> [Aim of the task]:
Give again, exactly as written, the lines of the records below from the line with "Open Source Intelligence" to the line with "De nieuwe Audi". Both end lines count; pictures do not.

> [Task inputs]:

──────────

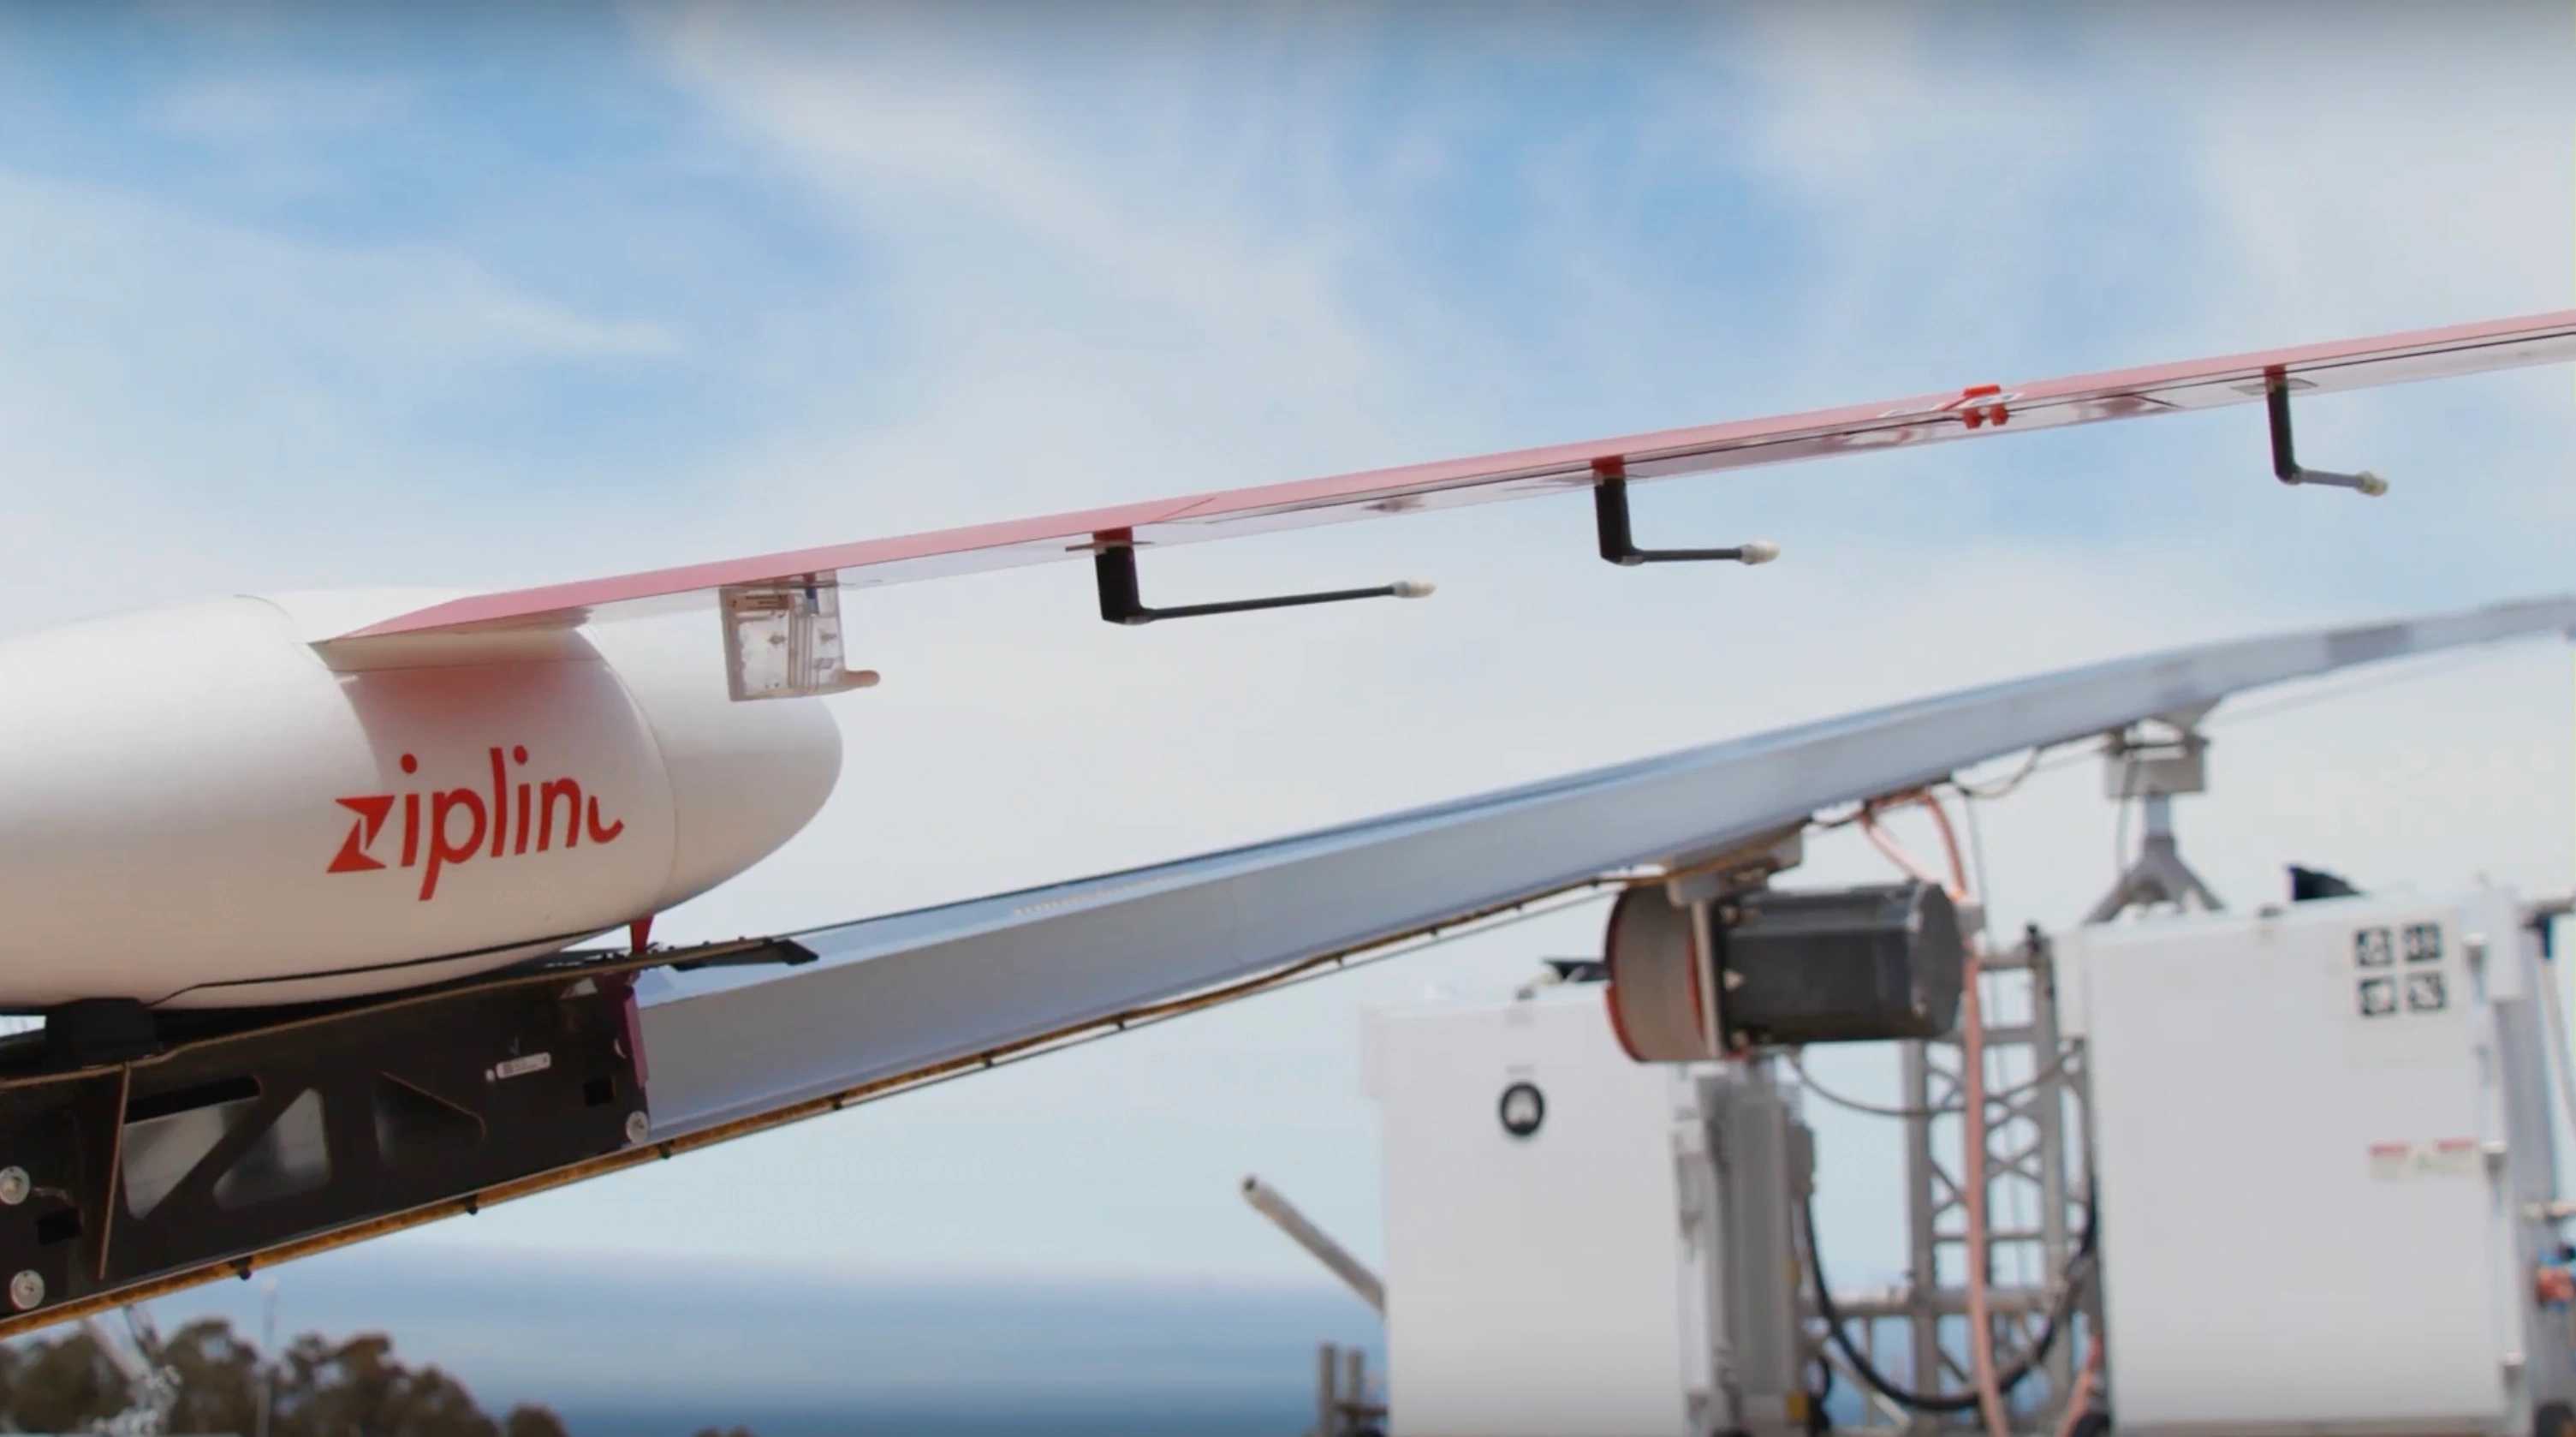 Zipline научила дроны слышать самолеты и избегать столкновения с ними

──────────

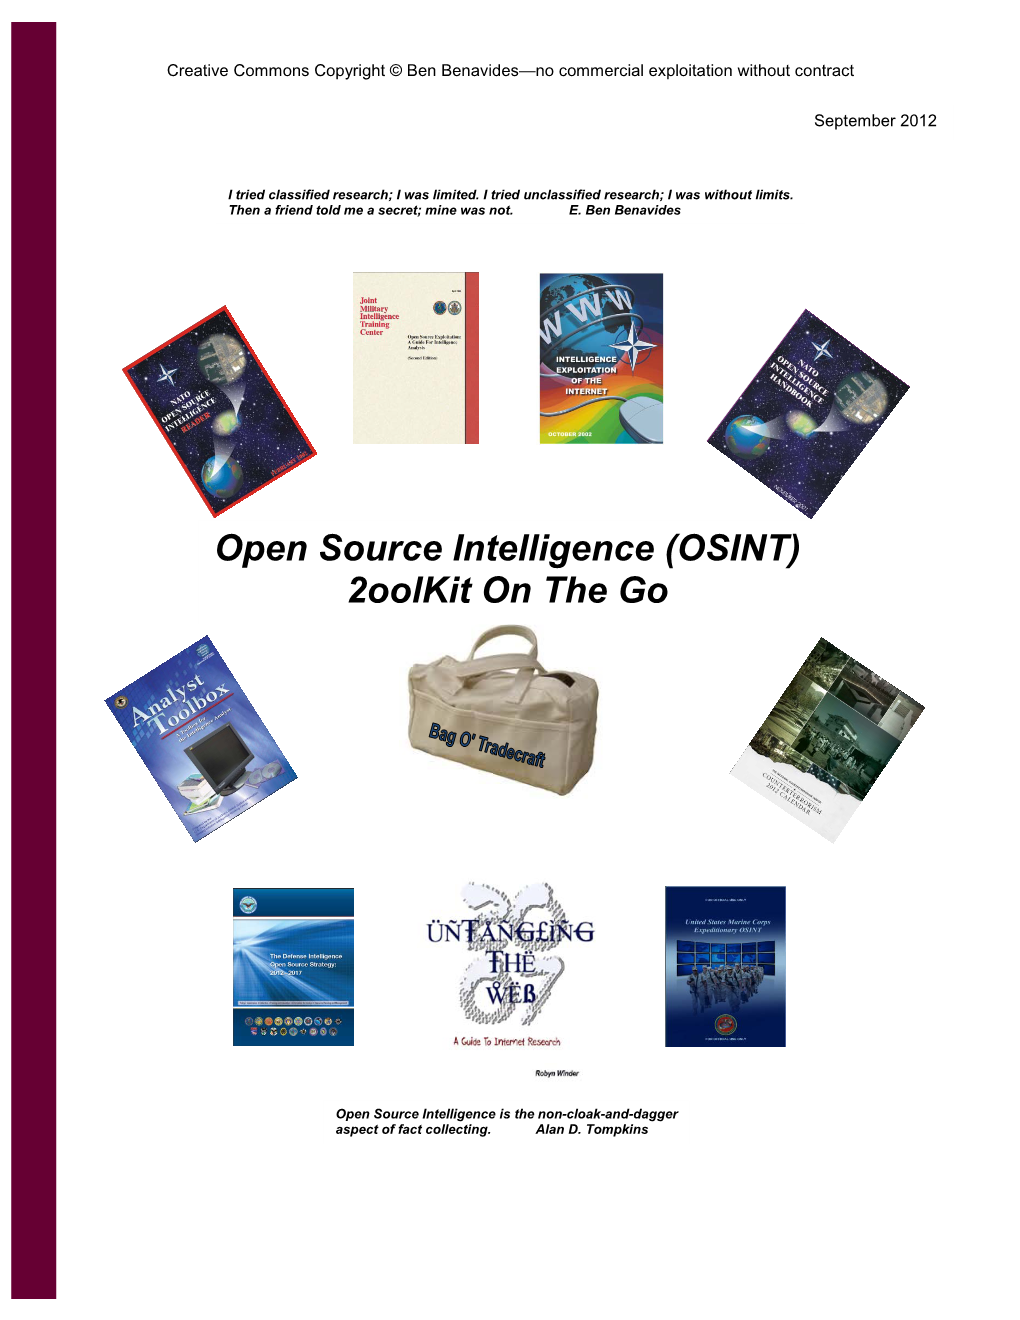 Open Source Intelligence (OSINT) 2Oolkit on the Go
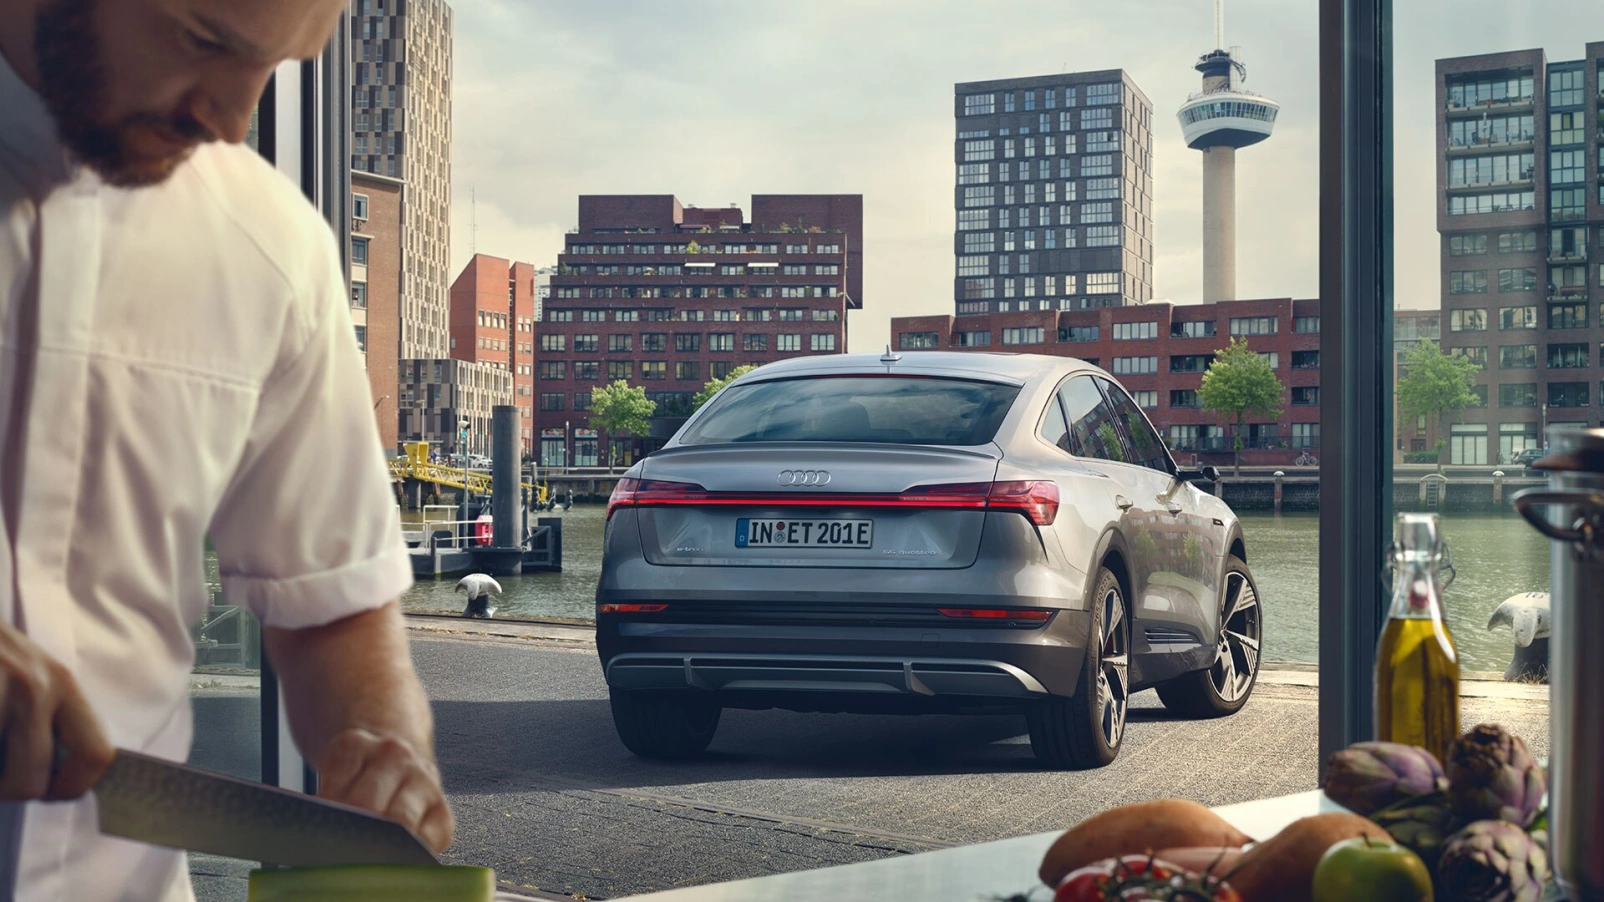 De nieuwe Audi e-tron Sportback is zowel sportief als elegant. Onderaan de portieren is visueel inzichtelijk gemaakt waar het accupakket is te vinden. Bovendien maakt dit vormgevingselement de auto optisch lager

──────────

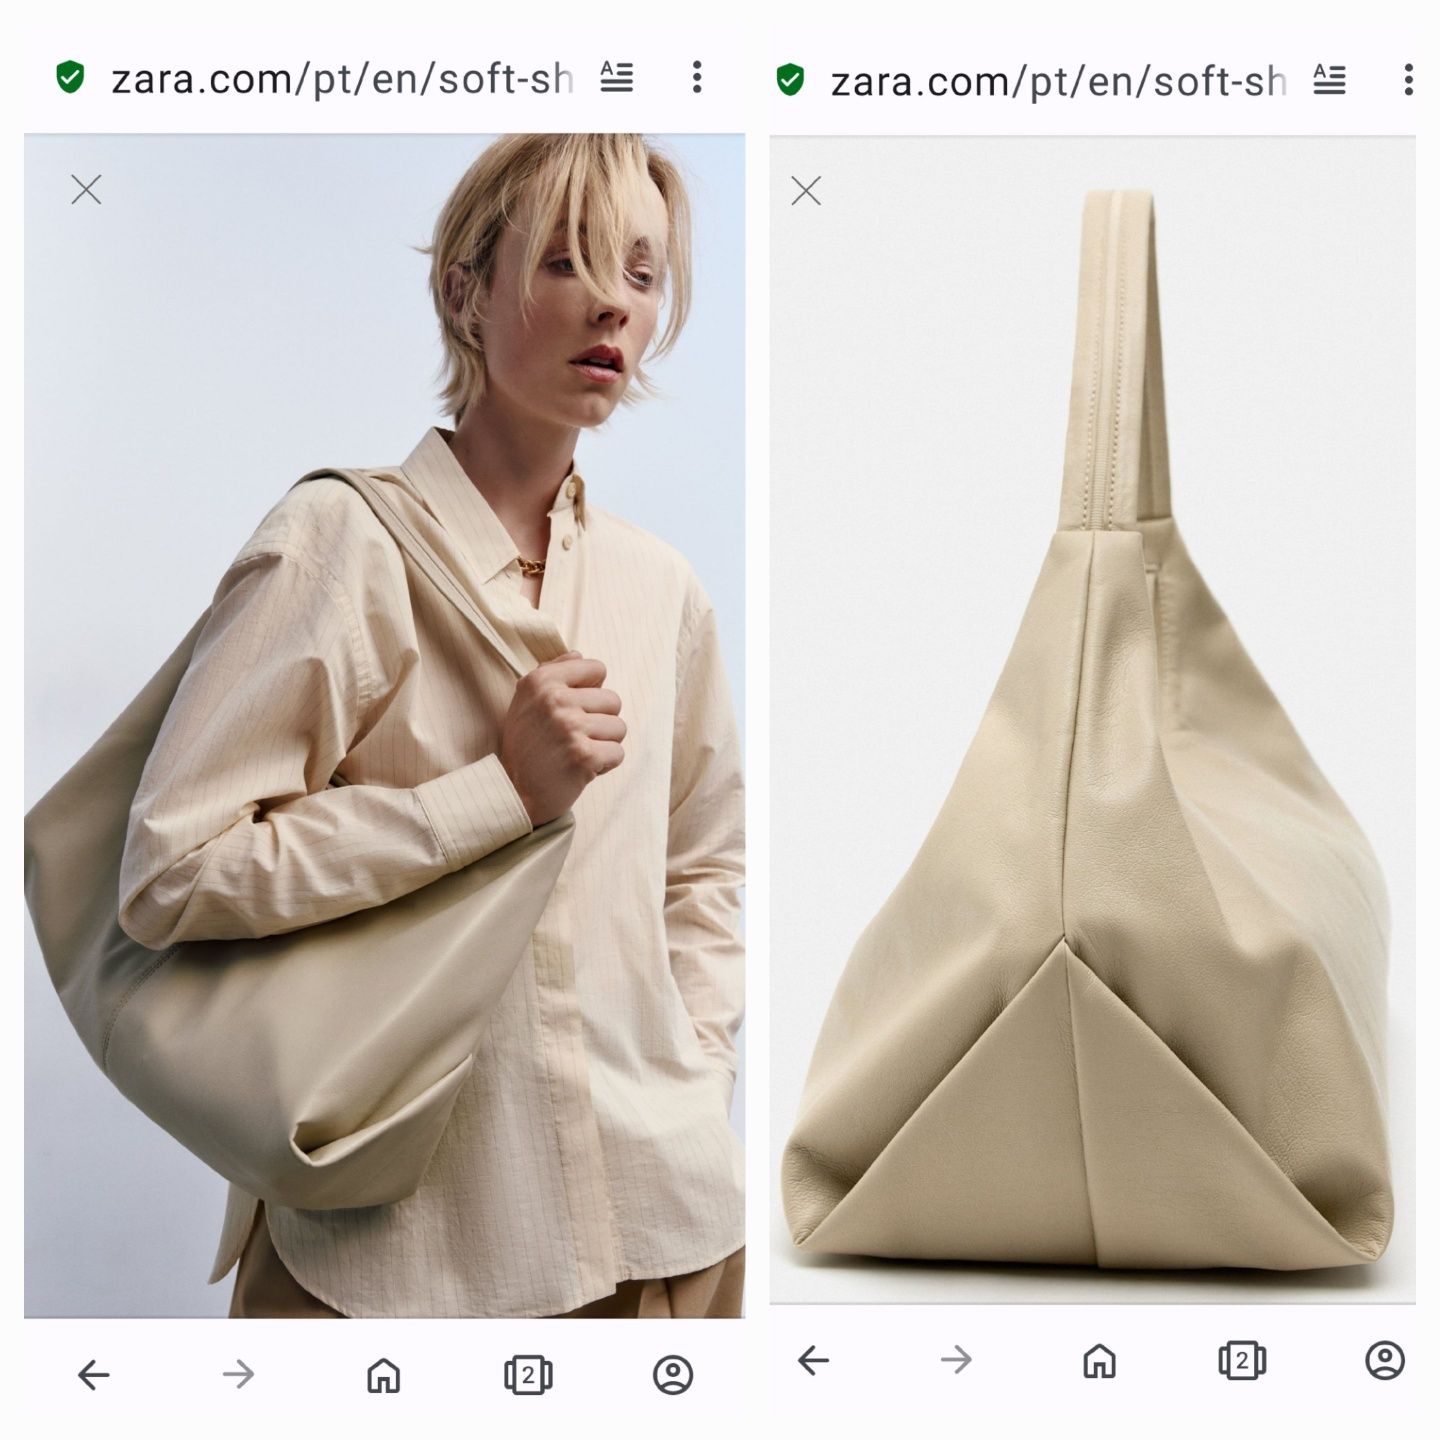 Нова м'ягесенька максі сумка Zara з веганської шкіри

──────────

> [Worked solution]:
 Open Source Intelligence (OSINT) 2Oolkit on the Go
 De nieuwe Audi e-tron Sportback is zowel sportief als elegant. Onderaan de portieren is visueel inzichtelijk gemaakt waar het accupakket is te vinden. Bovendien maakt dit vormgevingselement de auto optisch lager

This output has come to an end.